— Source material —
-*-*-

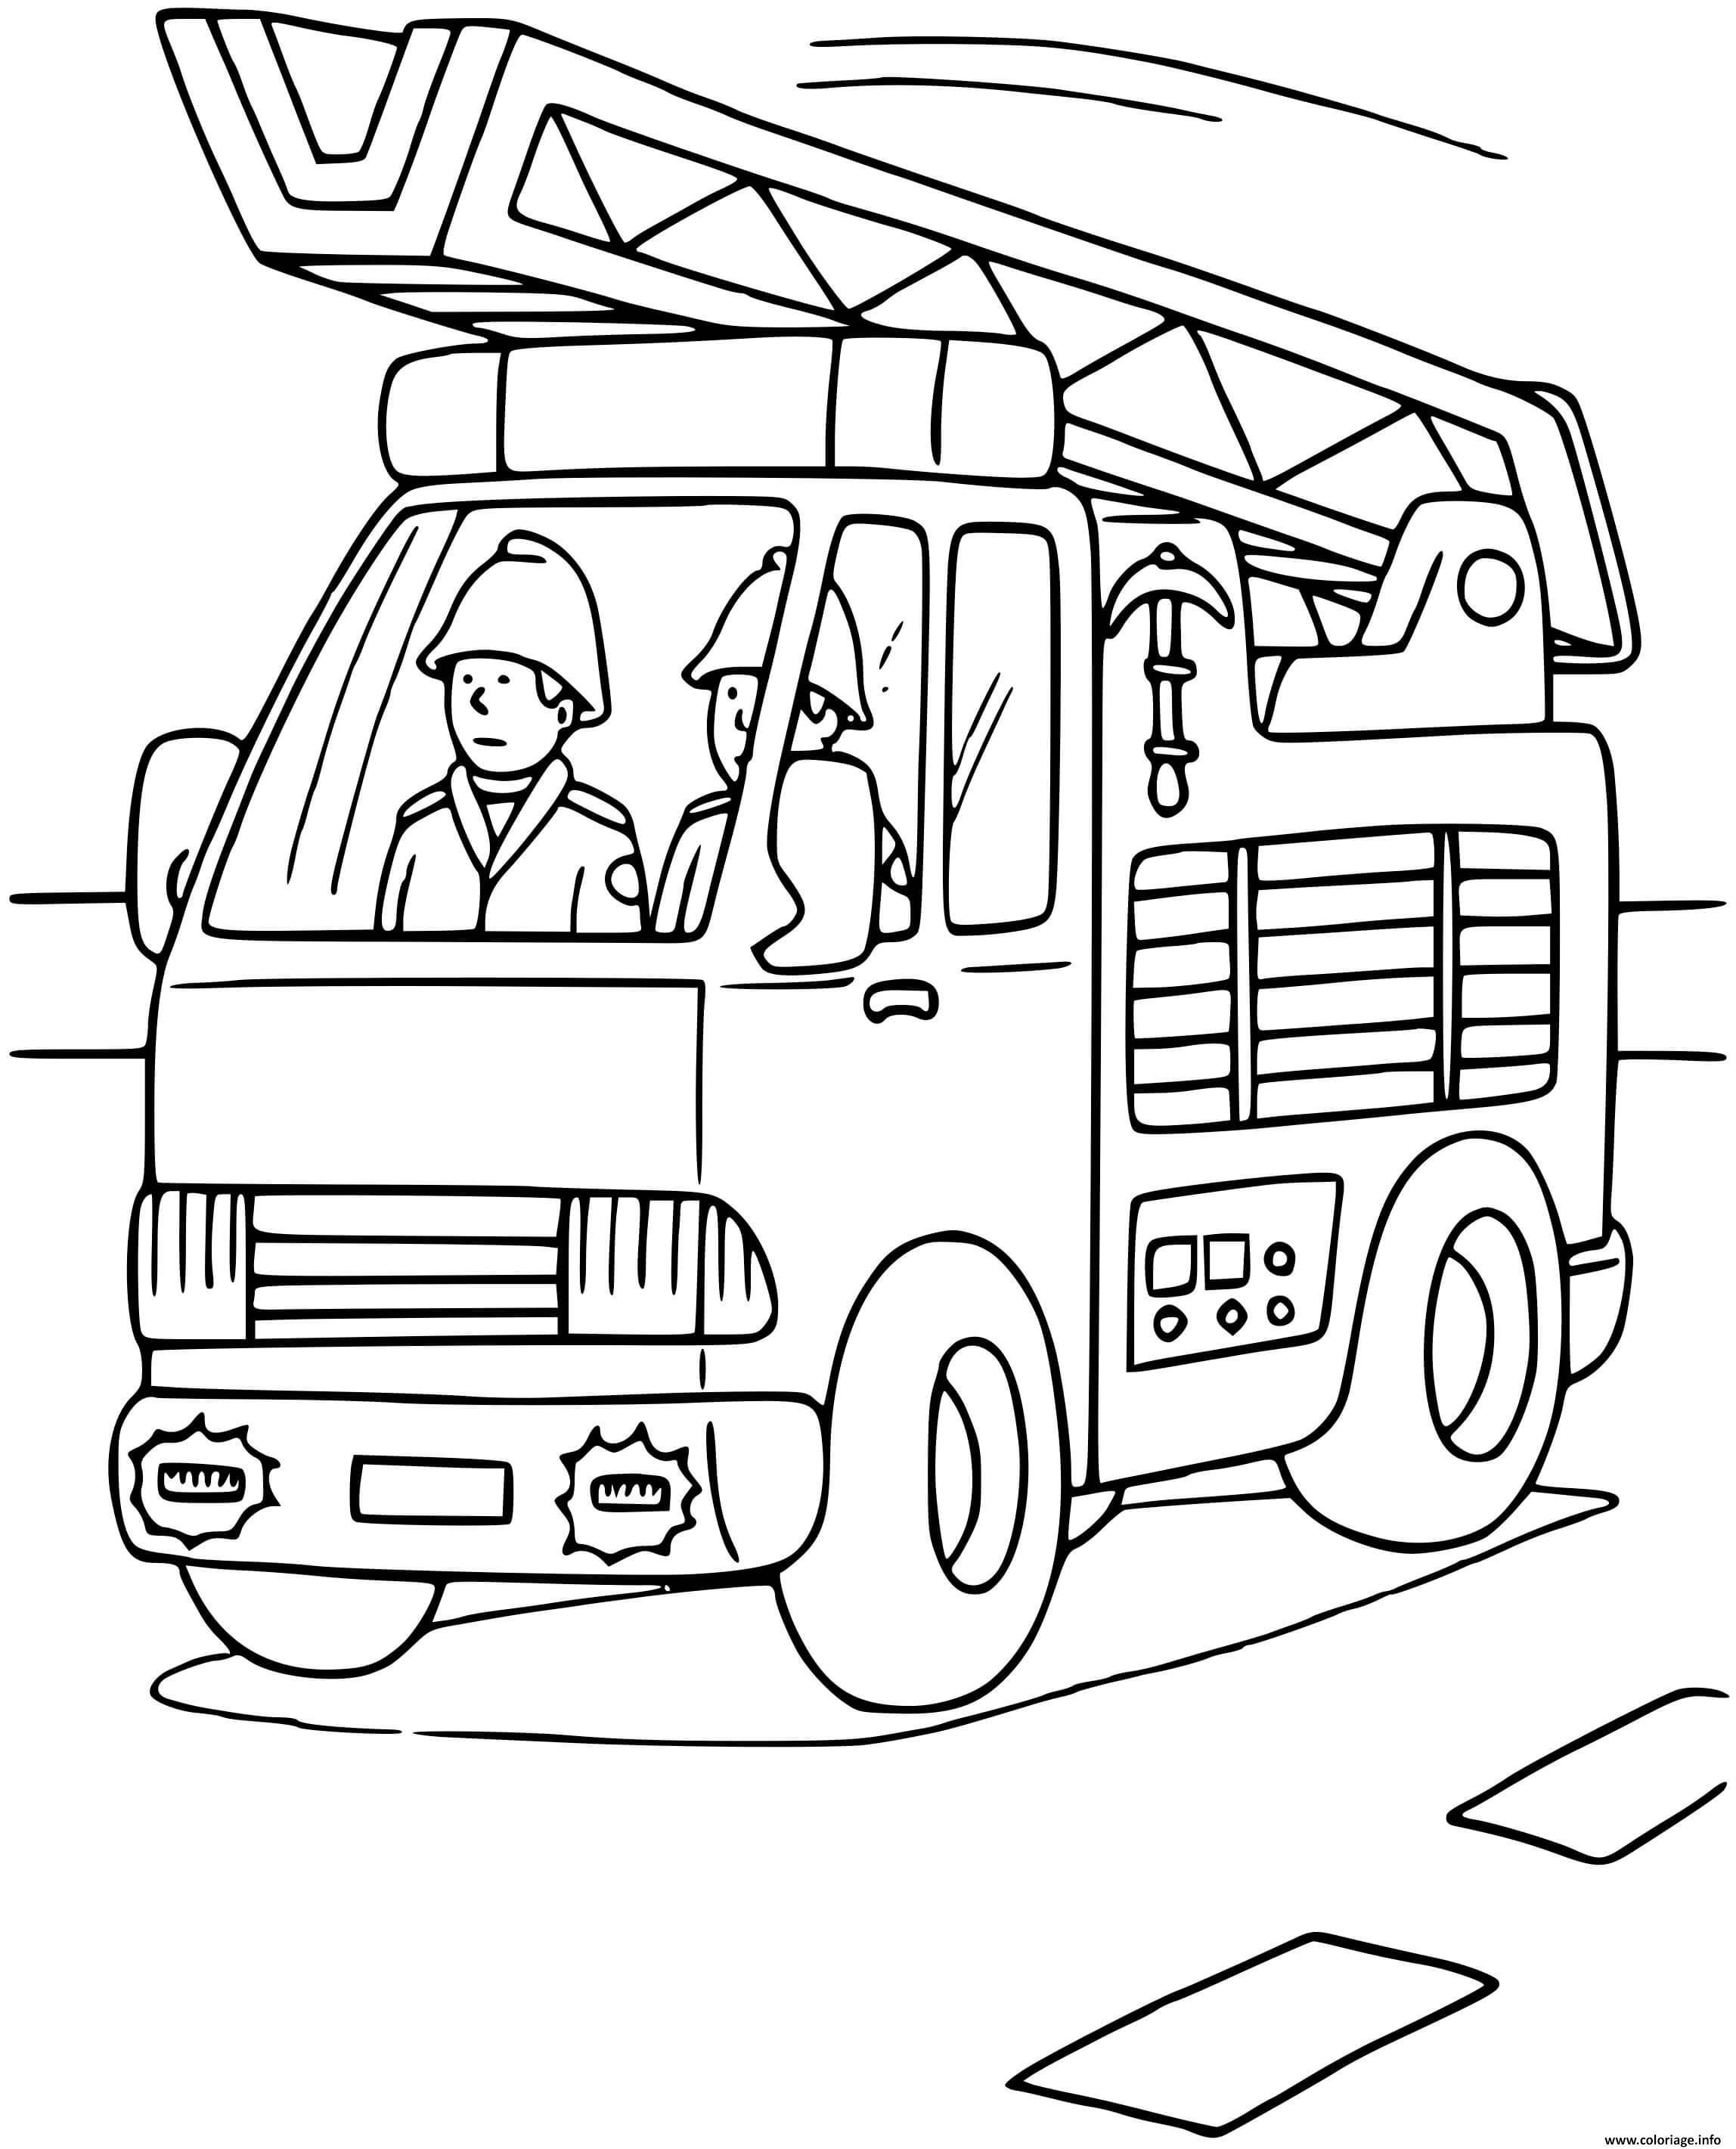 Dessin camion des pompiers avec echelle Coloriage Gratuit à Imprimer
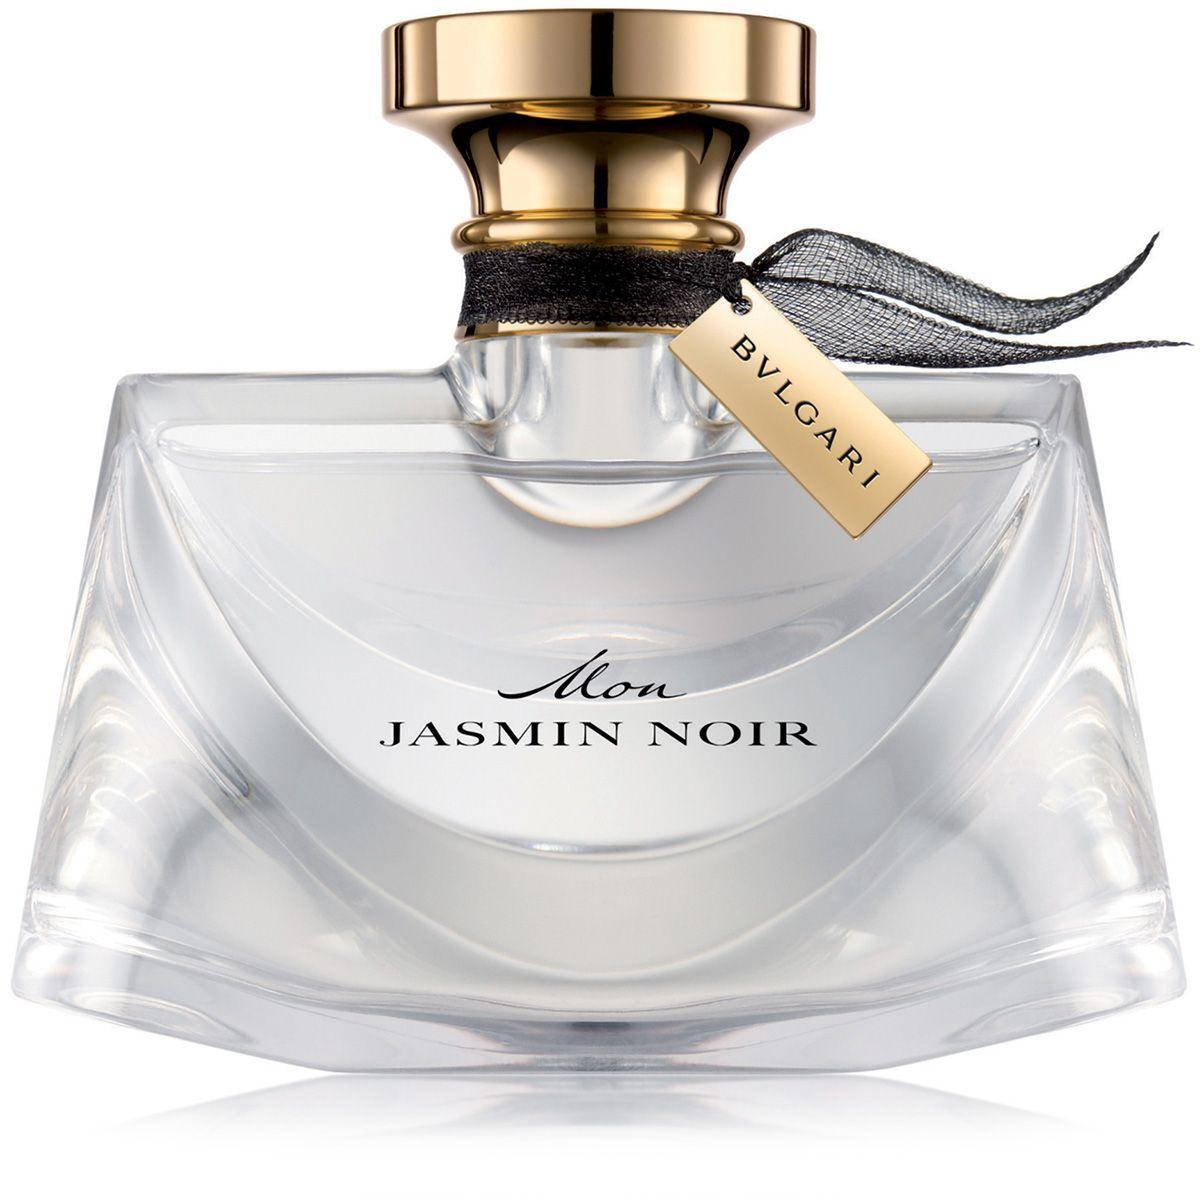 Jasmin Noir Bvlgari Parfym | Nordicfeel
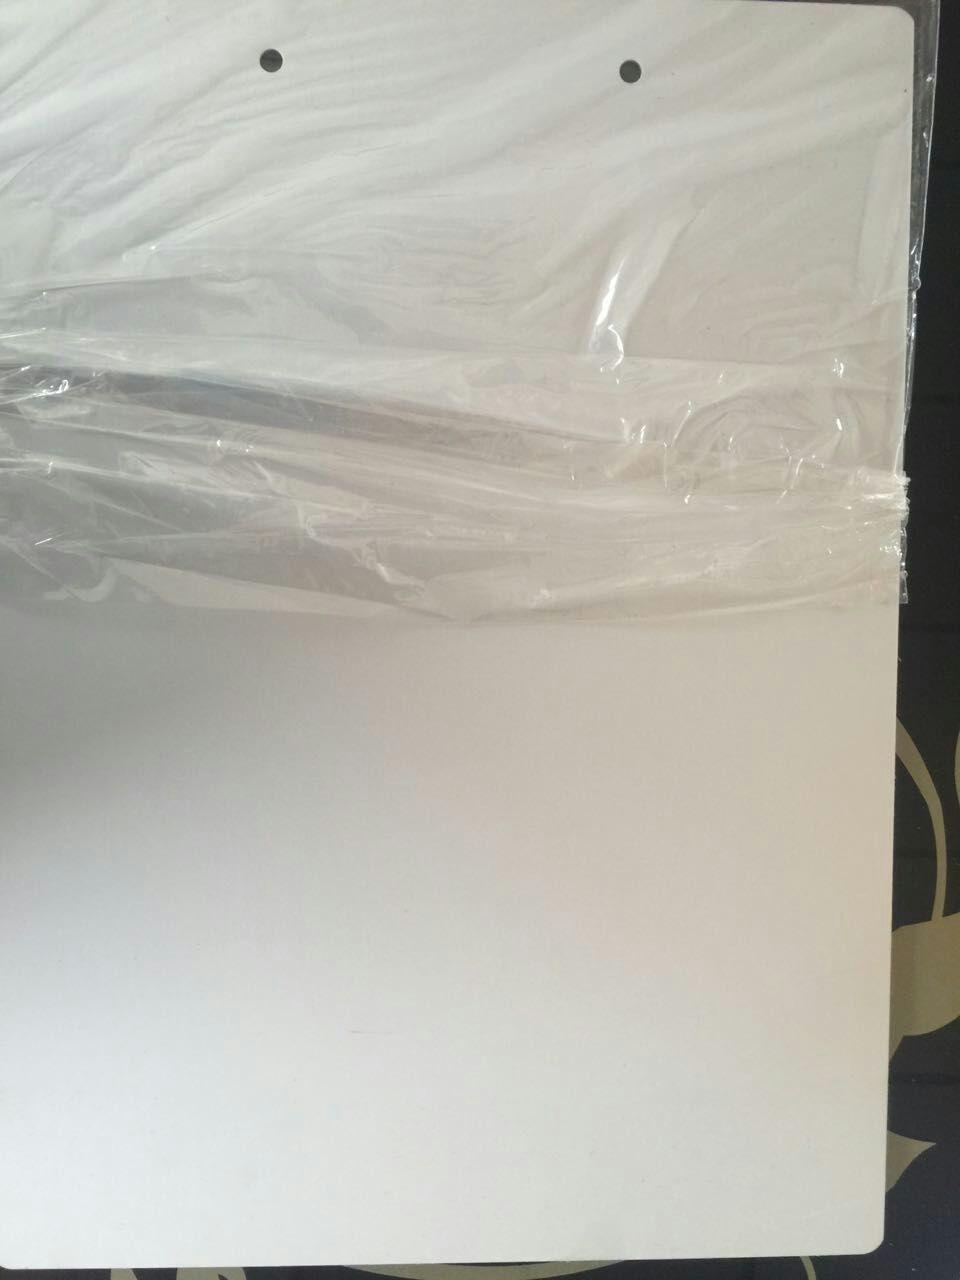 拉絲氧化鋁板(價格面議)價格圖片

-*-*-

Output the span from the line with "Jasmin Noir Bvlgari Parfym | Nordicfeel" through the last line of the data, inclusive and exact, and omit every picture.

 Jasmin Noir Bvlgari Parfym | Nordicfeel
 拉絲氧化鋁板(價格面議)價格圖片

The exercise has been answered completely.